The actress talks with THR about processing grief, Toby's grand gestures and what to expect from Sterling K. Brown in the Randall-focused episode.

[Warning: This story contains spoilers from the "Number Two" episode of NBC's This Is Us.]

At the end of the first in a trilogy of This Is Us episodes centering on each of the Pearson family Big Three, Randall (Sterling K. Brown) delivered some horrible news to a spiraling Kevin (Justin Hartley): their sister, Kate (Chrissy Metz), had lost her baby. The second episode, Tuesday's "Number Two," followed Kate through the same day Kevin experienced, including the devastating moment in which she miscarried her child.

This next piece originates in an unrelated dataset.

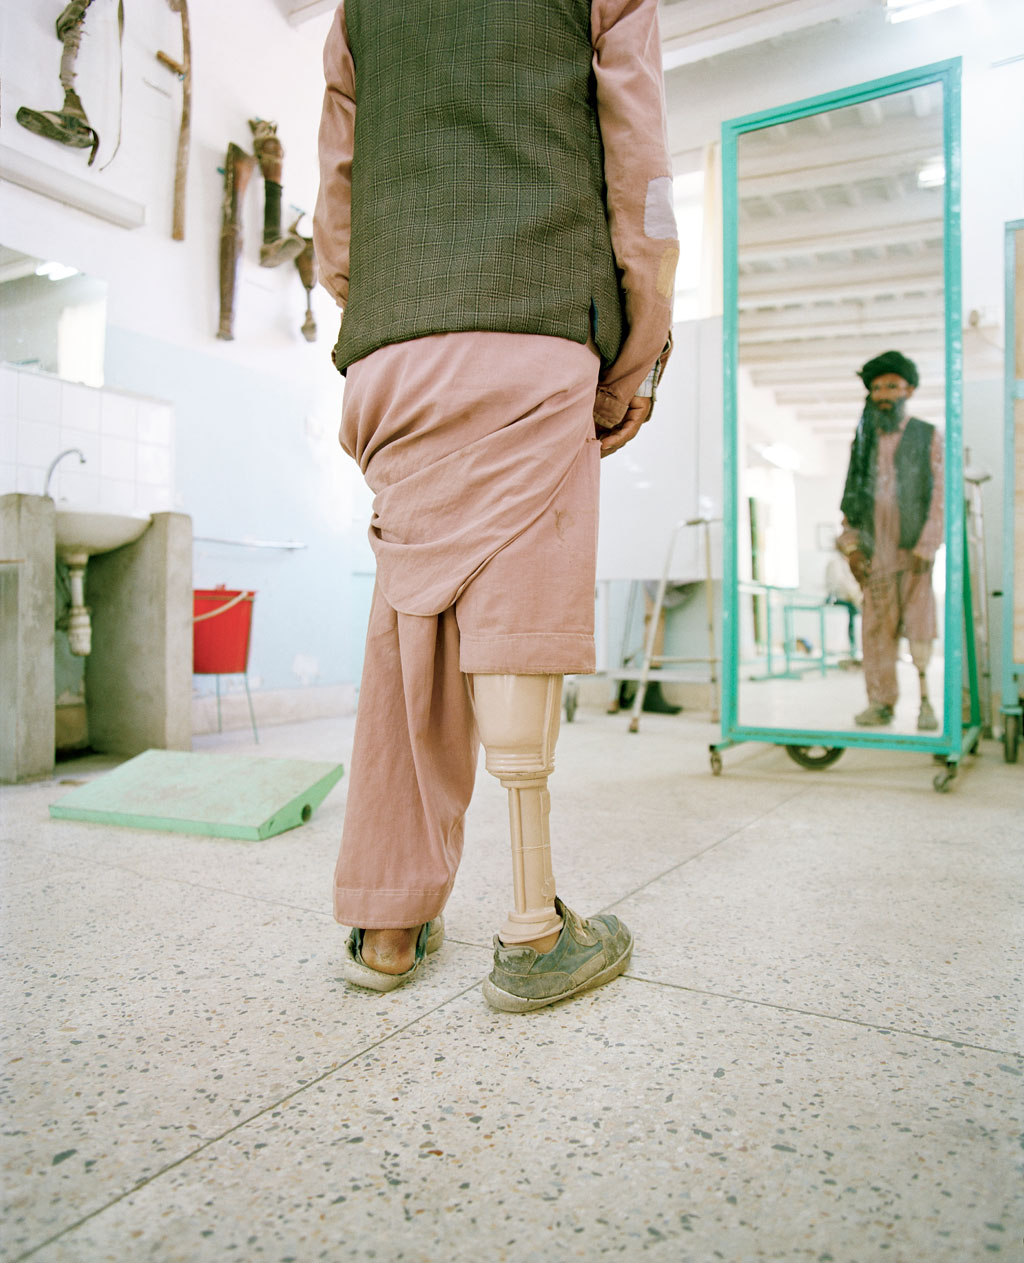 Andreas Zierhut - Afghanistan – living with mines - Felix Schoeller Photoaward

"This is like next-level heartache," Metz told The Hollywood Reporter of her character's latest emotional hurdle. "There is such a stigma and such shame around miscarriage. One in five women will have a miscarriage. How is it great to talk about something that people are really afraid to talk about that we never do? How do we bring it up? Where do you bring it up? It's hard to process."

While Kate at first feels like she's experiencing the tragedy alone, she soon realizes — thanks to an emotional confrontation with her mother Rebecca (Mandy Moore) — that her fiancé Toby (Chris Sullivan) is hurting, too.

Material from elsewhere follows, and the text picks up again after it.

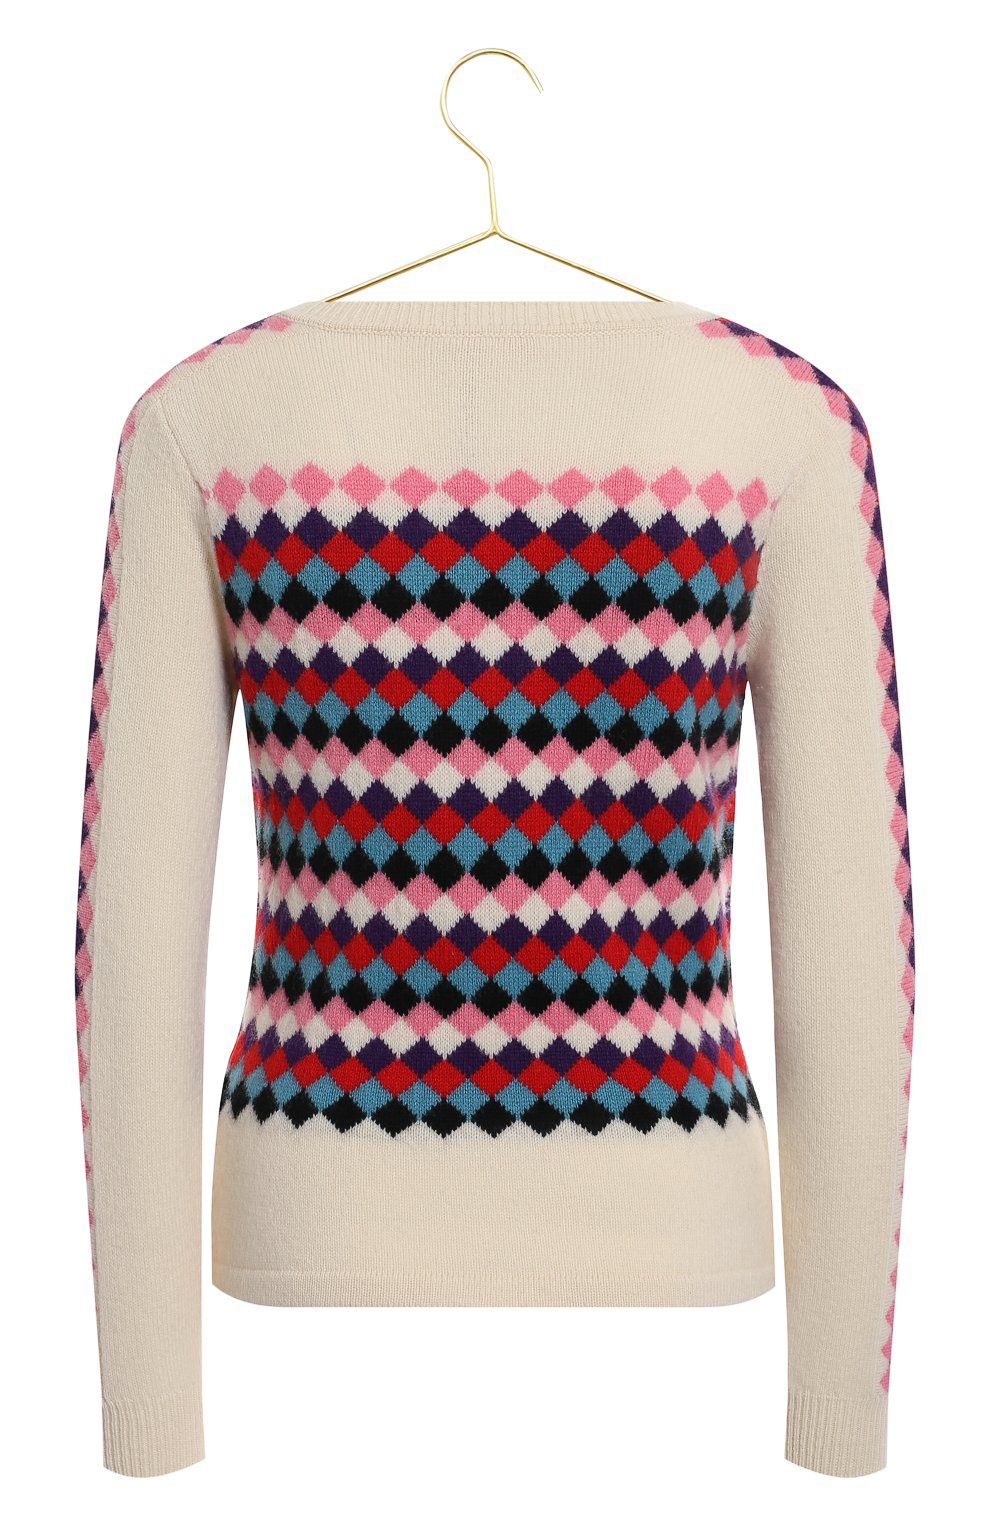 Шерстяной кардиган и пуловер | Olympia Le-Tan | Разноцветный - 3

"She feels like she's going through this alone, because how could Toby possibly understand? [But she finally realizes] that, yes, he's not carrying the baby, but he also has to process it in his own way," Metz says. "Just coming to terms with actually having a miscarriage, the hormonal imbalances. Your body still thinks that you're pregnant. There's so much going on physically, and that affects you mentally and emotionally. And then when she finally realizes that she has to process the feelings as opposed to eat over them at the Chinese buffet. It's scary, uncharted territory, and I think she's afraid that she doesn't know what means for the relationship."

The moment between Metz and Moore is the most emotional scene the two have shared on the Dan Fogelman-created drama thus far, and Metz said that their characters' conversation will have lasting healing effects.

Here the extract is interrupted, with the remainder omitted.